I am here for your amusement. 

8 Comments

  1. 1
    magrinch
    Posted December 11, 2012 at 10:47 am

    On WWHL, GG confirmed she was engaged to Omid and said that she wasn’t embarressed by what she does but the show is a learning experience. She also claimed that she didn’t party much, but when she did she drank a whole hell of lot.

  2. 2
    labowner
    Posted December 11, 2012 at 12:05 pm

    Ugh the nude lipstick trend continues.

  3. 3
    kthxbai kthxbai
    Posted December 11, 2012 at 12:29 pm

    Last season I liked Reza and MJ. I felt bad for both of their parent issues. And also that MJ doesn’t know how pretty she is. Or maybe she’s just another 1 of those people that’s going to need assisted styling her whole life. Like Phaedra on RHOA.

    I even felt a little bit sorry for Asa being so Delusiona.

    This yr it’s like the whole bunch of them might as well be Mike and GG. Which is great for the fuckwaffle factor. But it’s also nice to have at least 1 or 2 you don’t think are as trashy as the rest of them.

    I hope MJ’s getting real counseling besides the fake tv kind. But after seeing her dad with her I secretly think she should just delete her mom’s number and get over it. He’s the 1 that raised her. There’s plenty of people that’d be glad to have even 1 of their parents that looks at them like that. How dare she not know she’s beautiful? Even if she was ugly as who shot Sally with a home made sin gun.

  4. 4
    Derek Hazelton
    Posted December 11, 2012 at 9:19 pm

    Asa needed to get punched, but GG/MJ falling in the bushes made me laugh way too hard.

    Does anyone else get the feeling that Reza’s BF is going to dump him on national tv, because I can’t wait to see that!
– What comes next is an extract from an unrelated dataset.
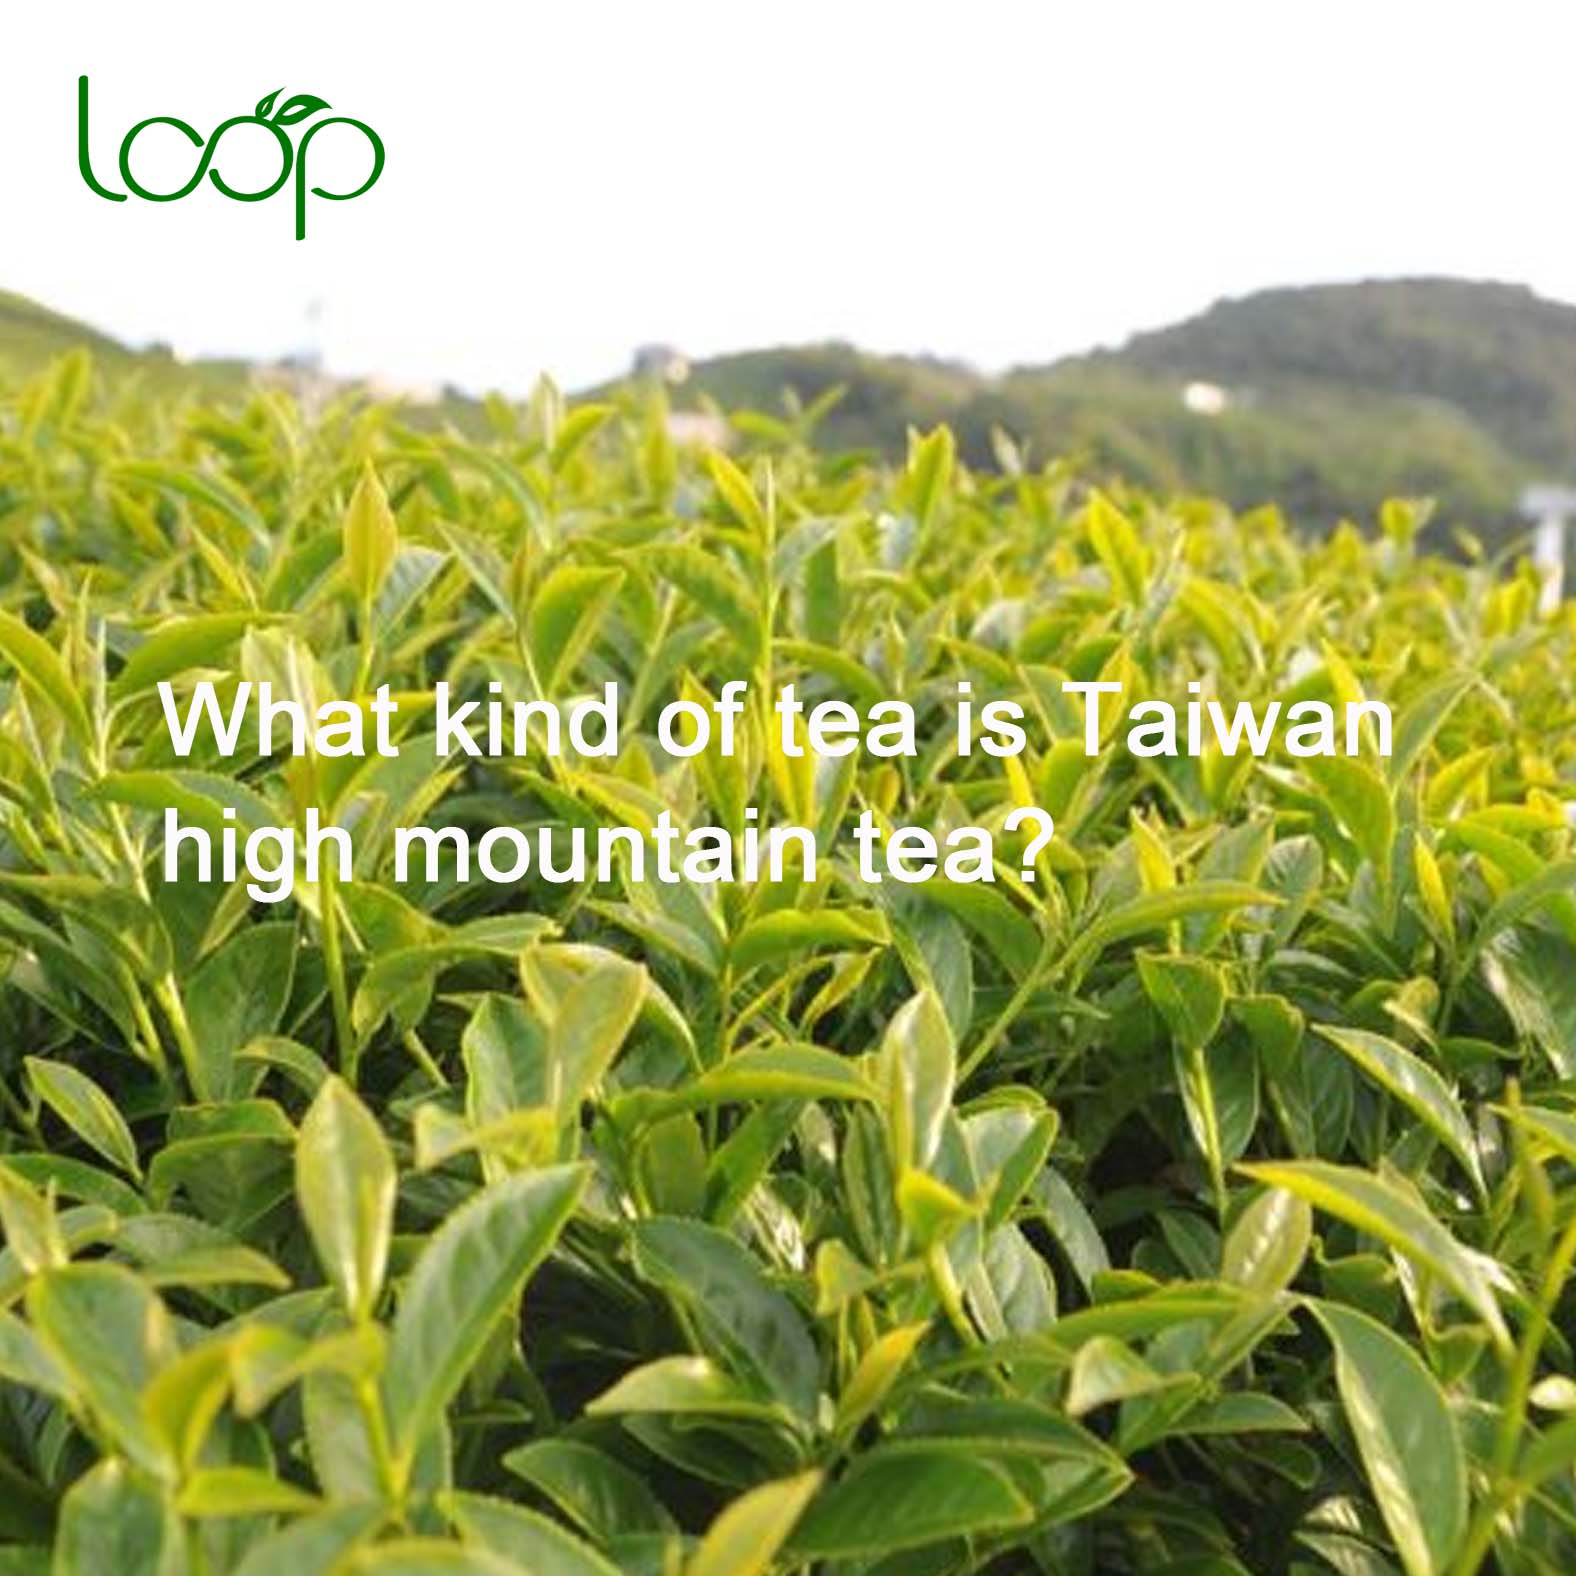 What kind of tea is Taiwan high mountain tea?

    @kthxbai, I do hope that MJ gets the therapy she needs, although I’m sure Reza fucking her over in business will send her straight back to Dr. Michelle.

  5. 5
    kthxbai kthxbai
    Posted December 12, 2012 at 4:08 pm

    @Derek Hazelton I went back and watched both episodes again. Plus thought back over some other stuff. Like MJ saying Reza ended up being the most “changed” a while back. And that it’s a Bravo show.

    And ended up going from grouchy to suspicious. That it’s got more to do with Reza’s character getting re framed.

    So anybody that’s been feeling sorry for poor little potted plant Adam getting his boring heart busted from getting too close to the sun can change their tune. And just be glad for him getting some work. Like Walter on RHOA.

  6. 6
    plockness monster plockness monster
    Posted December 12, 2012 at 5:02 pm

    I’m SO happy that I’m not the only one that thinks Asa sucks. I think it’s only going to get worse.

    Magrinch – thanks for the info on GG!!! I just do t believe her when she says she’s not embarrassed about how she acts on the show. It’s awful.

    Lab – I think the nude lipstick trend wouldn’t be as bad if it wasn’t for the Kardashians. They’re worse than Asa x10.

    Derek – the fall was hilarious. The best part was the fact GG pulled MJ down with her!!

    Kthxbai – MJ should totally delete her mom’s phone number. I wish she would cut off her mom to teach her a lesson, but I don’t think She-Devil would care.

  7. 7
    Derek Hazelton
    Posted December 13, 2012 at 7:32 am

    @kthxbai, potted plant is the best description of Adam, I sincerely hope plockeness monster uses it in his/her recaps!

  8. 8
    Z
    Posted December 13, 2012 at 7:46 pm

    I really liked Asa last year until she started talking about drinking diamonds for breakfast or whatever. Then I realized that she’s the craziest of the bunch (except for Psycho GG).

    How hard is it to just apologize if you said something to hurt someone’s feeling, even if you didn’t mean to hurt their feelings. Was Omid supposed to automatically know that that you have a big Persian nose fetish? A simple “My bad, dude, I was just joking.” could have avoided the whole scene. And then to buck up because you have your “boys” surrounding you and start egging on a clearly drunk and irrational person is just stupid. I was really hoping GG would break free and get some good licks in before she got carted off.